俺が「ここはどこだ?」と聞くと、アキラは「俺の部屋だ」と短く答えた。

 改めて部屋を見渡すと、何台ものパソコンと業務用のサーバーらしき物がずらりと並んでいる。雑然とした機械類の中にあって、例の大型テレビの周辺だけがきちんと整理されており、そこにはいくつものアニメのDVDが陳列されていた。

 アキラはアニメオタクだったのだ。やつ自身もそれを否定しなかった。

 俺にはそういう世界のことはよくわからない。が、インターネットで見たそういうやつの部屋が美少女フィギュアで埋め尽くされ、壁には隙間なくアニメキャラのポスターが貼られているという凄まじい有様だったのに対し、アキラの部屋にはフィギュアの一体もポスター一枚すらもなかった。俺がそういった疑問を口にすると、アキラは


「二次元として完成されているものを、わざわざ三次元化する必要がどこにある?」


 と言って、わけのわからない持論を展開し始めた。

 アキラ曰く、やつは三次元の女には興味ないらしく、「二次元に千人の嫁がいるからいい」ということだった。俺は呆れた。折角のイケメンが、これでは宝の持ち腐れではないか。


「俺は次元の境界を越えて行く」


 アキラは言った。

 別にこいつがどこへ行こうと俺は一向に構いはしないが、よりにもよって、なぜ、より「高い」次元ではなく、より「低い」次元を目指しているのか、俺にはそれがわからなかった。

 こいつは、とてつもなくデカい理想を最先端のロケットに載せて、地中深くへ飛び立とうとしている。なにか間違っているような気もするが、どうせ三次元の理論などこいつには通用しないのだろう。


「雑談はここまでだ。そろそろ本題に入る」


 急にアキラの顔付きが変わり、俺は身構えた。アキラは真剣な眼差しで俺を見つめ、言った。


「今から、おまえには『嬉し恥ずかし、ドキドキわくわく告白タイム』をやってもらう」


 ポカンとする俺を他所に、アキラは話を続けた。


「なあに、簡単なことさ。おまえのこれまで十七年間の人生を今ここで全て曝け出すだけだ」


 ……なるほど。

 この間こいつの言っていた「人生を渡す」というのは、そういう意味か。


「俺らは金でも動くが、もう一つ『情報』というものを取引材料に動くこともある。

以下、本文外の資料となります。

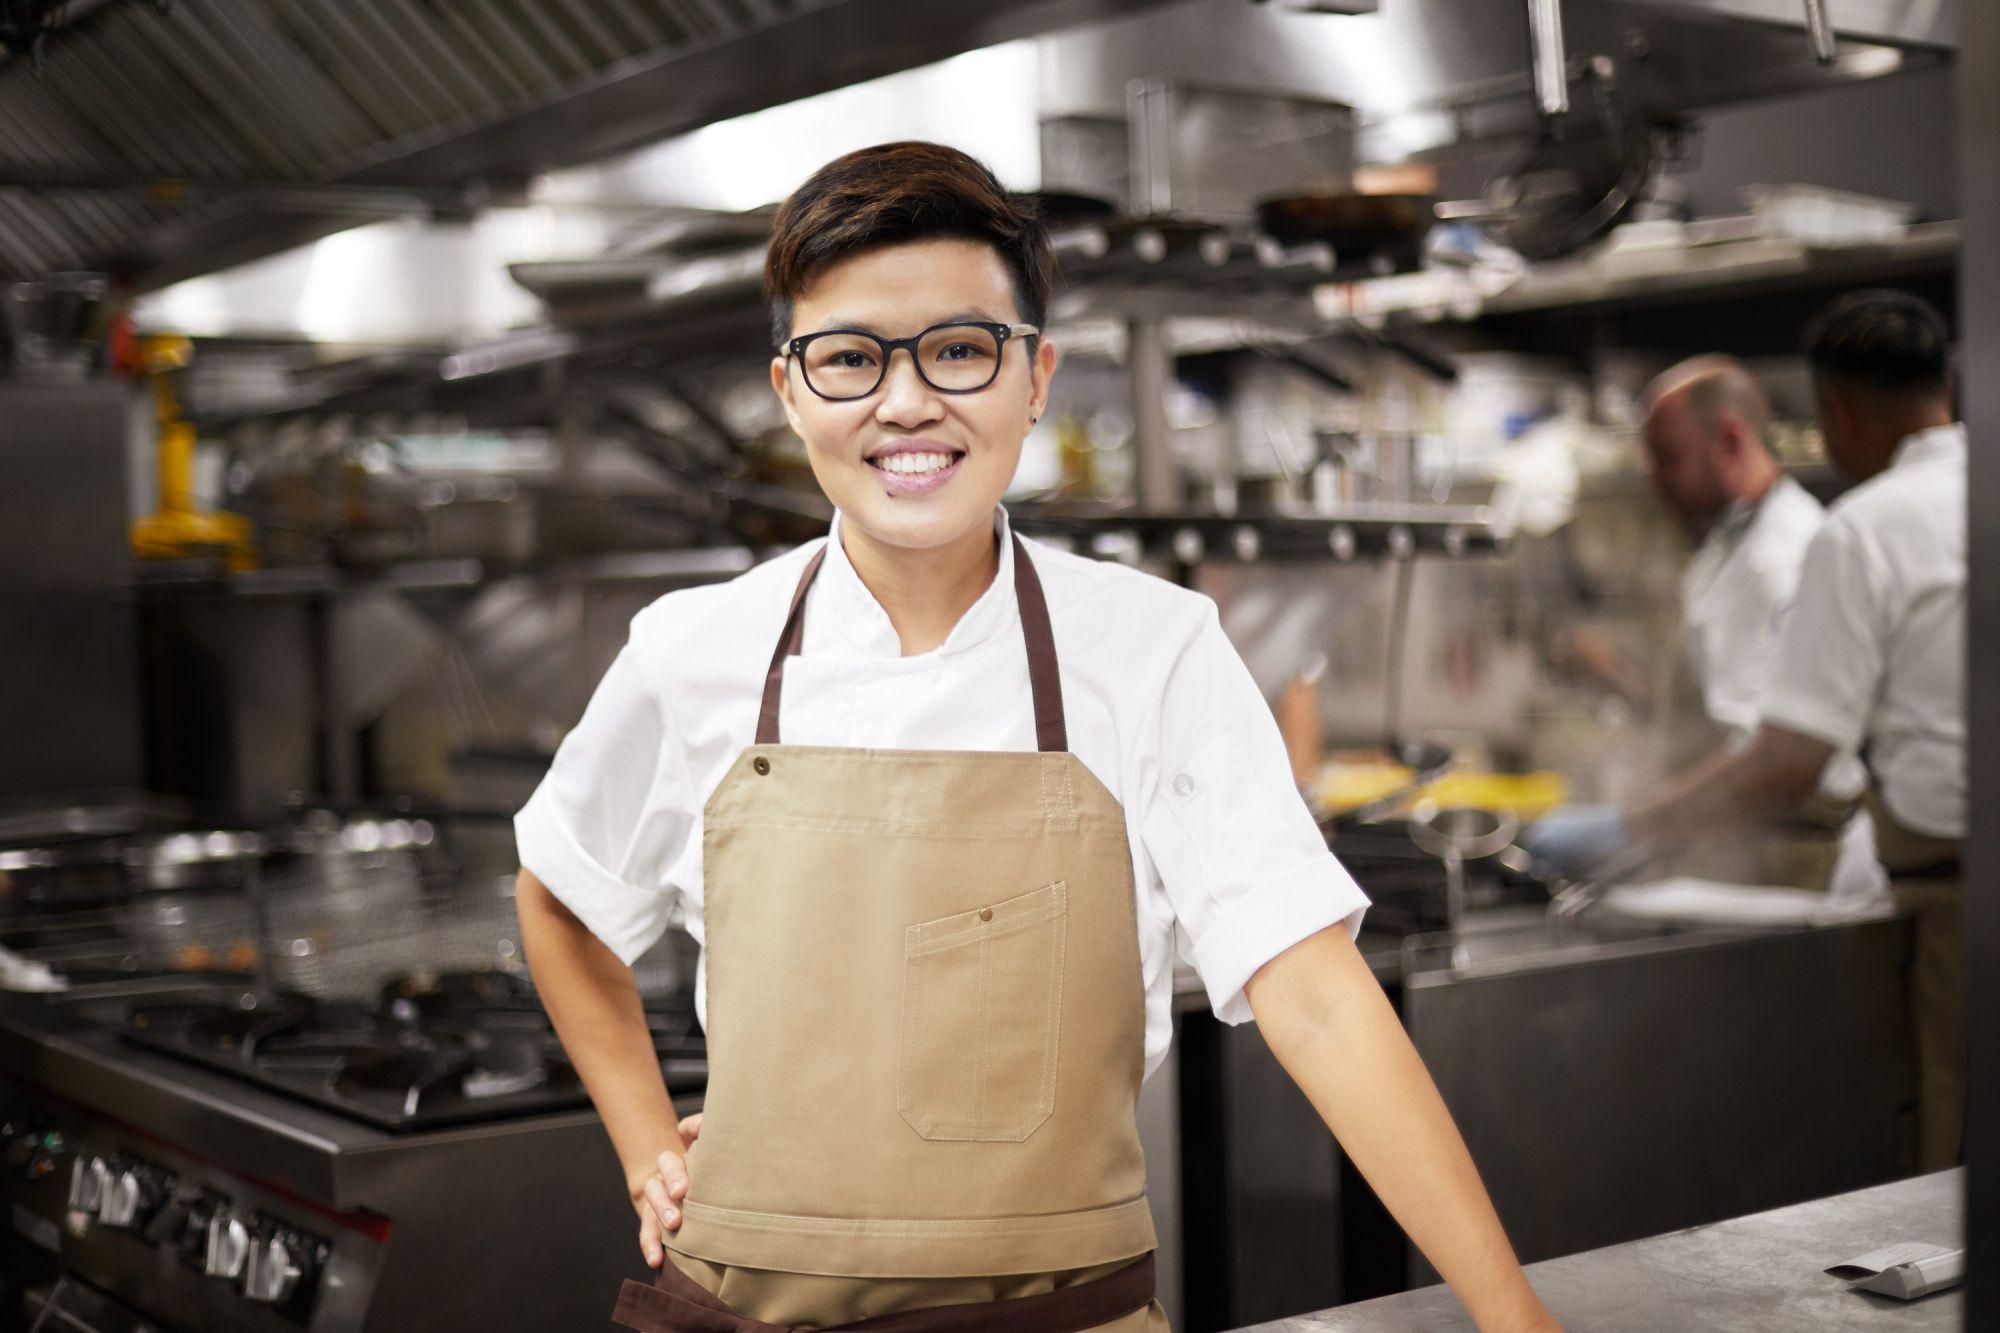 Chef ArChan Chan

と言っても、おまえみたいなザコの一般人の氏素性を耳が腐るほど聞いたところで、乱堂恭介の屁の臭いほどの価値もねえ。でもまあ、そこは今回大負けに負けてやる。おまえが真摯な態度で人生という大きな代償を支払うなら、俺もおまえに相応の対価をくれてやろう」


 ――安いもんだ。


 覚悟を決めた俺は、自分の生まれた日のことから話を始めた。


「……なるほどねえ、それでその名前か。確かに、おまえは千年に一人のバカだ」


 俺の前で、アキラはいつか誰かに聞いたような言葉を口にした。


 その後も俺は、自分で覚えている限りのありとあらゆる出来事をアキラに語って聞かせた。アキラはそれに所々鋭いツッコミを入れ、俺の痛痒い部分を根こそぎ引っこ抜いていく。話は俺の家族や友人関係のことにまで及び、他のやつらについても一人一人、知っていることは洗いざらい吐かされた。


 一体、何時間そうやって話をしていたかわからない。

 部屋には時計がなく、スマホも俺が寝ている間にアキラに取り上げられていた。途中で二回、コンビニ弁当でメシを食ったが、それも朝食なのか昼食なのか夕食なのか、時間の感覚を失くすと皆目見当も付かない。

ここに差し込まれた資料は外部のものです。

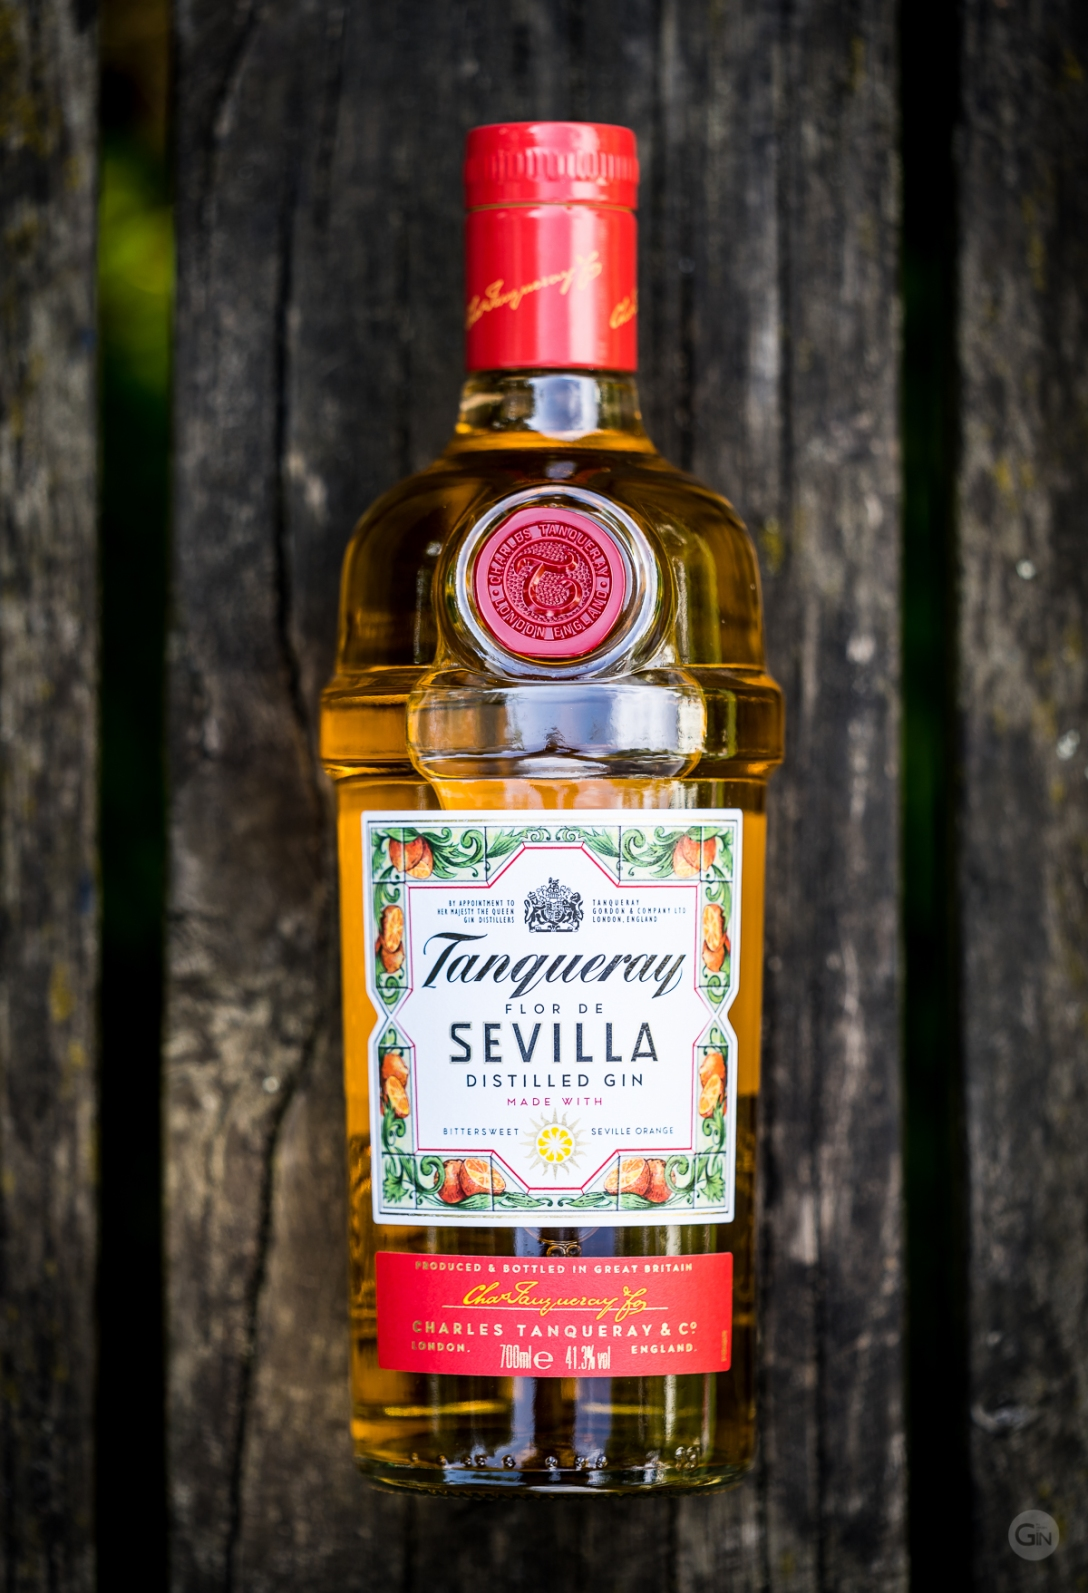 Tanqueray Flor de Sevilla negroni. Photo by Michael Sperling.

 俺の話は現在に追い着く形で徐々に進行し、マシバが乱堂恭介にやられた下りになる頃には、俺の喉も枯れ掛けていた。それでも俺は感情の赴くままにしゃべり続け、自分が涙を流していることにもしばらく気付かなかった。アキラはそんな俺の感傷に感じ入る風もなく、ただ黙って、じっと俺の話を聞いていた。


 大体の話を終えて俺が肩で息をしていると、アキラが湯気の立つコーヒーカップを二つ持って部屋に戻って来た。


「御苦労さん。おまえの話は、なかなかに面白かったぞ」


 にやにや笑うアキラと二人、啜ったコーヒーは苦いブラックだった。

 やっぱり、この味はまだ慣れない。

 そう思いながらも、気分はやけにほっとしていた。

 落ち着いたら、これまでの疲れでもどっと出てきたのか、急に睡魔が襲ってきた。


「それにしても、おまえは本当にバカだなあ」


 アキラの笑い声だけが遠く聞こえる。

 すうっ、と浮かぶように軽くなる感覚に身を委ね、俺はそのまま、心地良い眠りの世界へと飛び立って行くのだった。